In this study, we investigated the in vitro effect of erythropoietin/EPOR-mediated JAK2/STAT5 signaling pathway in cancer cells exposed to ionizing radiation and to cisplatin.


    Materials and Methods
 Top
 Abstract
 Introduction
 Materials and Methods
 Results
 Discussion
 References
 
Cell Lines and Culture
U87 and K562 cells were obtained from American Type Culture Collection (Rockville, MD). HT100 primary cells and cervical carcinoma biopsy samples designated HT67, HT219, HT270, and HT280 were generously provided by Dr. Joan Turner (Cross Cancer Institute, University of Alberta). U87 and HT100 cells were cultured in DMEM and K562 cells were cultured in RPMI 1640 (Life Technologies, Inc., Gaithersburg, MD) supplemented with 10% (v/v) of fetal bovine serum (FBS), batch number 22524017 (BioMedia Canada, Drummondville, Quebec, Canada). FBS heat inactivation was conducted at 56°C for 30 minutes. Heat inactivation was done in order to inactivate any endogenous erythropoietin in FBS before its use in the experiments. rhEPO, EPREX epoetin alfa, was obtained from Ortho Biotech (Janssen-Ortho, Inc., Toronto, Ontario, Canada). Tyrphostin AG490 was obtained from Sigma Chemical Co. (St. Louis, MO). All cell lines were maintained in a humidified atmosphere of 5% CO2 at 37°C.

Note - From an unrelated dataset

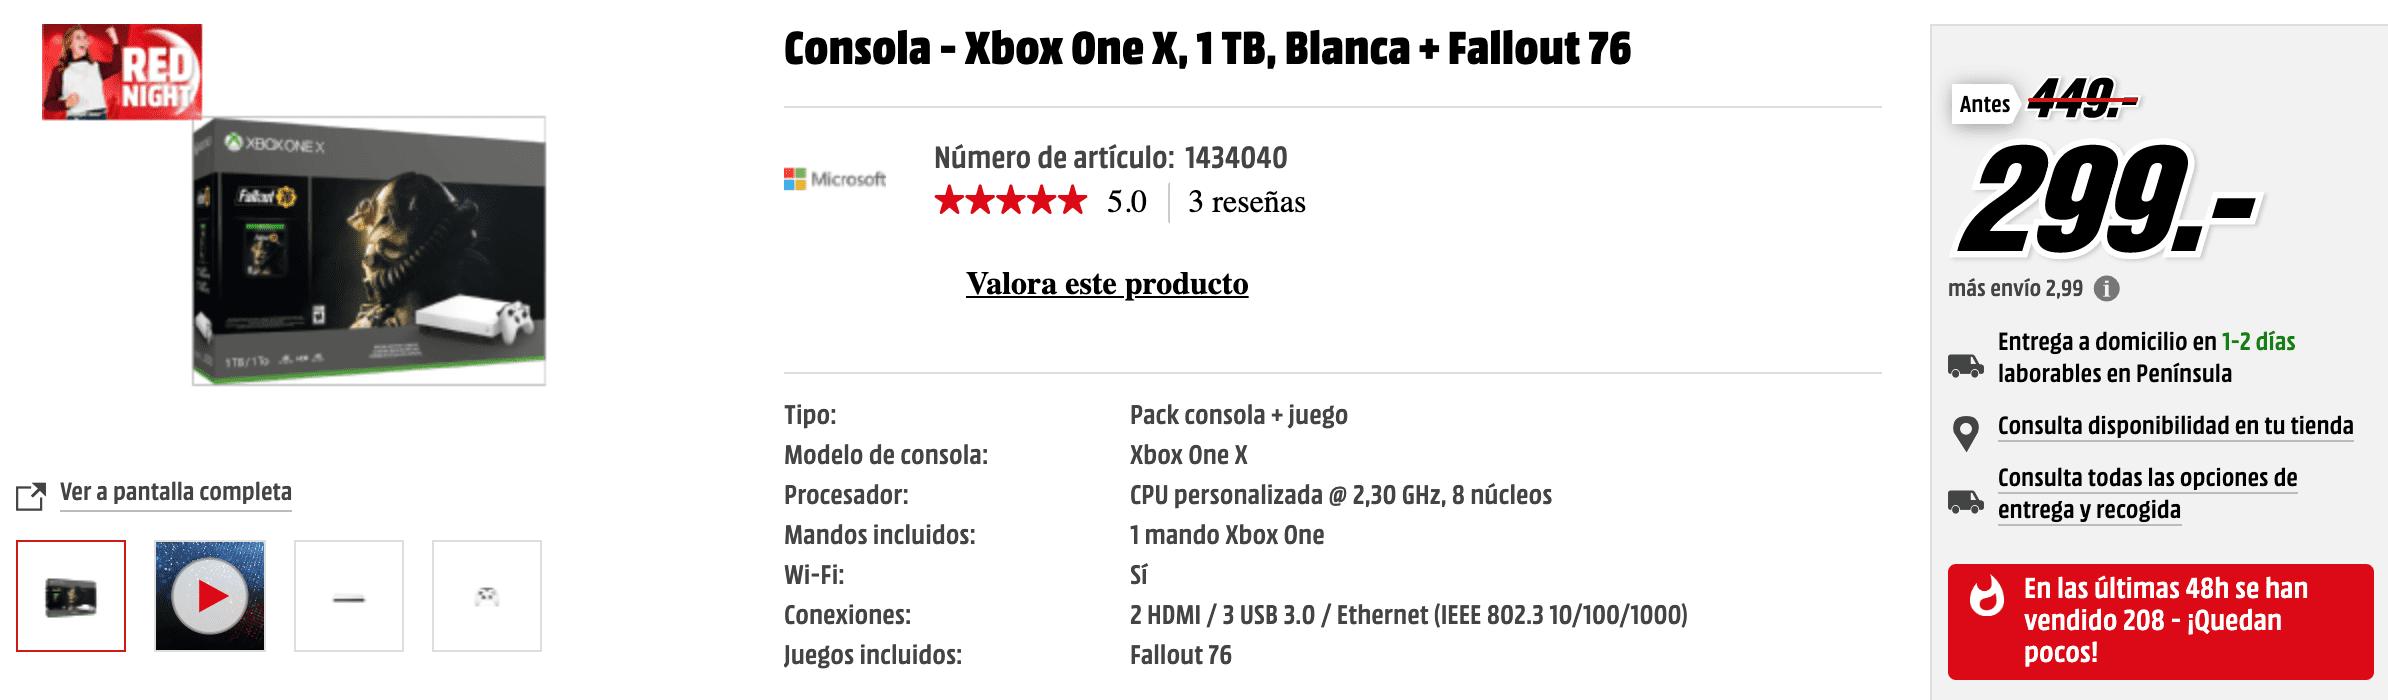 ¡Ofertón! Xbox One X con Fallout 76 por 299€ en Media Markt

Preparation of Whole-Cell Extracts
Whole-cell extracts were prepared by a single freeze-thaw cycle (28). Briefly, cells were harvested, washed with ice-cold PBS and lysis-supporting buffer [25 mmol/L KCl, 10 mmol/L NaCl, 1 mmol/L MgCl2, 10 mmol/L HEPES-KOH (pH 7.2), 0.1 mmol/L EDTA, 2 µg/mL leupeptin (Sigma Chemical), 2 µg/mL aprotinin (Sigma Chemical), 0.5 mmol/L DTT, 0.5 mmol/L phenylmethylsulfonyl fluoride], repelleted, and resuspended in a lysis-supporting buffer to a final volume of 2.5 times the original packed cell volume. Resuspended cells were incubated on ice for 10 minutes, frozen by plunging into liquid nitrogen, quickly placed at 37°C until slightly thawed, and placed on ice. NaCl and MgCl2 concentrations of fully thawed samples were adjusted to 0.5 and 10 mmol/L, respectively, by adding high-salt buffer (5 mol/L NaCl, 100 mmol/L MgCl2, and 5 mmol/L DTT). Cell extracts were incubated on ice for 5 minutes and microcentrifuged at 10,000 x g for 5 minutes at 4°C. Supernatants were collected, and protein concentrations were quantified using the method of Bradford (29).

Immunoblotting
Cell extracts containing 10 to 50 µg of protein were separated by SDS-PAGE and transferred by electrophoresis onto nitrocellulose membranes (Millipore, Bedford, MA) for 1 hour in 25 mmol/L Tris-HCl, 192 mmol/L glycine, and 20% methanol. Membranes were blocked in TBS (Tris-HCl) containing 5% nonfat milk and probed with anti-EPOR (C-20, Santa Cruz Biotechnology, Inc., Santa Cruz, CA) and {alpha}-tubulin monoclonal antibodies (NeoMarkers, Fremont, CA). Antigen/antibody complexes were detected by horseradish peroxidase-conjugated anti-mouse antibody and enhanced chemiluminescence (Amersham Pharmacia Biotech, Piscataway, NJ), according to the manufacturer's instructions. The bands were quantified by densitometric analysis using Scion Image software (Scion Co., Frederick, MD).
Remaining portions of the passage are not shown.